Hive基础+案例

来源:互联网 发布:人工智能高峰论坛 编辑:程序博客网 时间:2024/05/20 23:06
hive shell
查看所有数据库:show databases;
创建数据库:create database database_name;
切换数据库:use database_name;
查看所有表:show tables;
模糊查询表:show tables like '*name*';
查看所有的hive函数:show functions;
查看table的表结构: desc tablesname ;   desc formatted table_name;
查看表创建的脚本:show create table uv_etltest; 
删除表:drop table uv_etltest; 
查看分区信息:show partitions table_name; 

案例:countpv日志。

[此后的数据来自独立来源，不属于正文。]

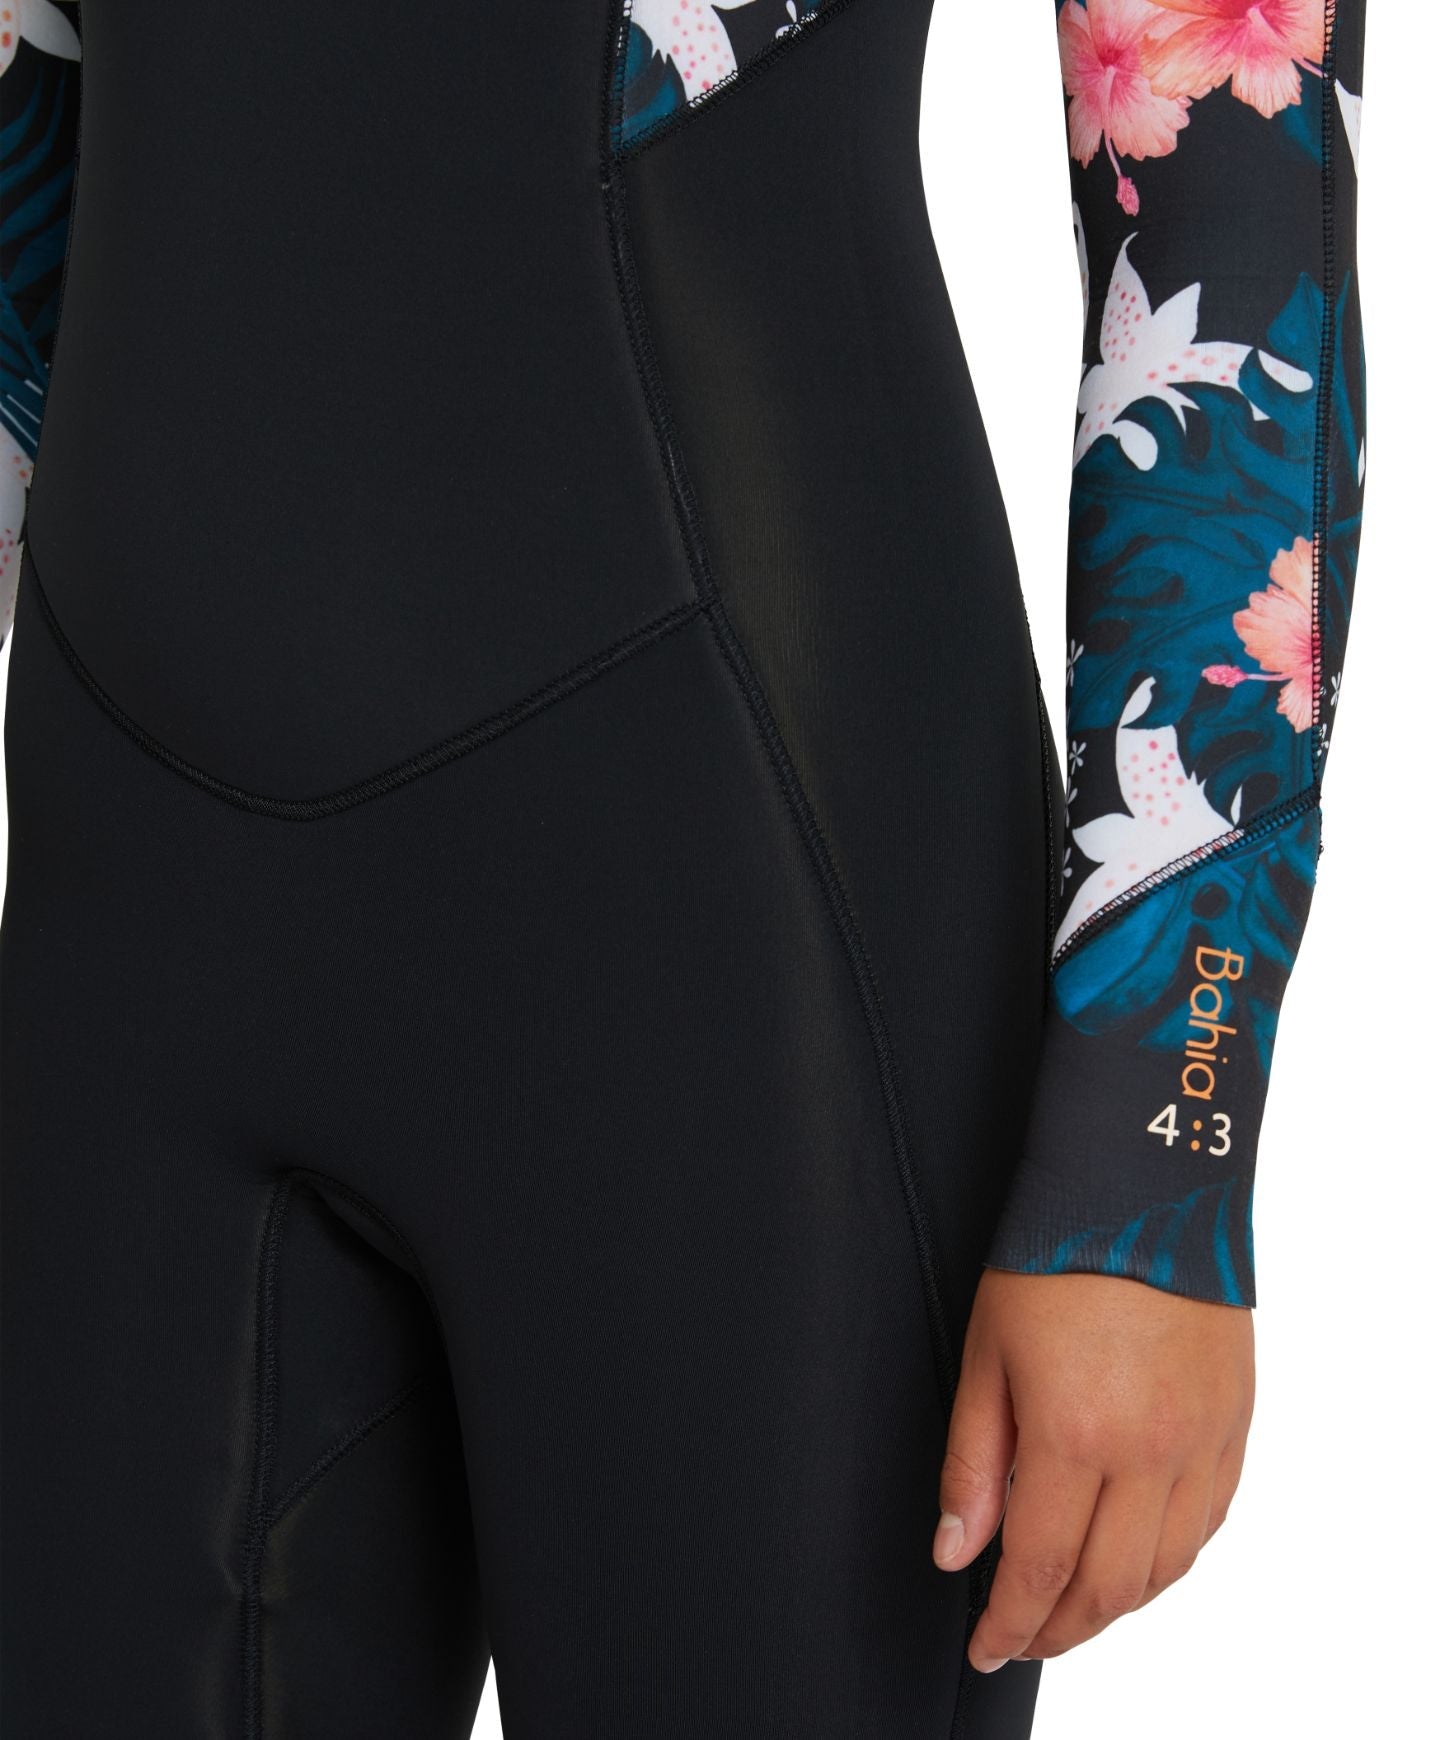 Women's Bahia 4/3mm Steamer Chest Zip Wetsuit - Black Hibiscus

l=字段匹配正则:m\.fang\.com/news/\w+/03_\d+.html,且l=不包含sf_source=的每个标黄的id的PV和UV。
日志格式:8801b688-1492445566729-8c8230bd^u_50cfe454-1499154971810-2c970e6d^0^http^m.fang.com^/news/sh/03_25116147.html^sf_source=ttcollaborate^5^无^无^/^^0^无^122.194.3.70^0^1^0^1^[1]^无^2017-07-04^15^56^11^2017-07-04^15^56^11^^^

show databases;
create database uvtest;
use uvtest;
show tables;
desc uv_etltest;
show create table uv_etltest;
show partitions uv_etltest;

创建表:
CREATE EXTERNAL TABLE IF NOT EXISTS uv_etltest (
Visitor String
,Visit String
,IsFirstVisit int
,LocationProtocol String
,LocationDomain String
,LocationPath String
,LocationParametersString String
,RefererType String
,RefererProtocol String
,RefererDomain String
,RefererPath String
,RefererParametersString String
,SearchGroupType String
,SearchKeyword String
,IP String
,OpenPageType String
,UserType String
,UserInfo String
,Mouse int
,BIDs String
,BBSSign String
,ServerTimeDate date
,ServerTimeHour String
,ServerTimeMinute String
,ServerTimeSecond String
,ClientTimeDate date
,ClientTimeHour String
,ClientTimeMinute String
,ClientTimeSecond String
,Title String
,UrlOwner String
,PageID String
)
PARTITIONED BY (logdate INT)
ROW FORMAT DELIMITED
FIELDS TERMINATED BY '^'
LINES TERMINATED BY '\n'
STORED AS TEXTFILE

添加分区:ALTER TABLE uv_etltest  ADD PARTITION (logdate= 20170704)  LOCATION '/logs/uv/etlbeginchar/20170704/';
修改分区的location :ALTER TABLE uv_etltest PARTITION (logdate='20170704') SET LOCATION '/logs/uv/etlbeginchar/20170704/';
修改分区的信息 : ALTER TABLE table_name PARTITION (logdate='20170704') RENAME TO PARTITION (logdate='20170504');
删除分区:ALTER TABLE uv_etltest DROP IF EXISTS PARTITION (logdate='20170704');

查询结果
Select split(split(LocationPath,'03_')[1],'.html')[0] as id,count(Visitor) as pv,count(distinct(Visitor)) as uv from uv_etltest where logdate= 20170704 and concat(LocationDomain,LocationPath,LocationParametersString) not like '%sf_source=%' and concat(LocationDomain,LocationPath) regexp 'm\\.fang\\.com/news/\\w+/03_\\d+.html' group by split(split(LocationPath,'03_')[1],'.html')[0] order by pv desc;

结果存放在hdfs上,并以空格分开
set hive.merge.mapredfiles= true;
insert overwrite directory '/user/hive/warehouse/uvtest.db/uv_etltest' row format delimited fields terminated by "\t" 
Select split(split(LocationPath,'03_')[1],'.html')[0] as id,count(Visitor) as pv,count(distinct(Visitor)) as uv from uv_etltest where logdate= 20170704 and concat(LocationDomain,LocationPath,LocationParametersString) not like '%sf_source=%' and concat(LocationDomain,LocationPath) regexp 'm\\.fang\\.com/news/\\w+/03_\\d+.html' group by split(split(LocationPath,'03_')[1],'.html')[0] order by pv desc;

结果存放在新的hive表中
set hive.merge.mapredfiles= true; 
create table uv_etltestresult as
Select split(split(LocationPath,'03_')[1],'.html')[0] as id,count(Visitor) as pv,count(distinct(Visitor)) as uv from uv_etltest where logdate= 20170704 and concat(LocationDomain,LocationPath,LocationParametersString) not like '%sf_source=%' and concat(LocationDomain,LocationPath) regexp 'm\\.fang\\.com/news/\\w+/03_\\d+.html' group by split(split(LocationPath,'03_')[1],'.html')[0] order by pv desc;

修改表名称:alter table  uv_etltest1 rename to uv_etltestresult;
Select * from uv_etltestresult where pv > 500;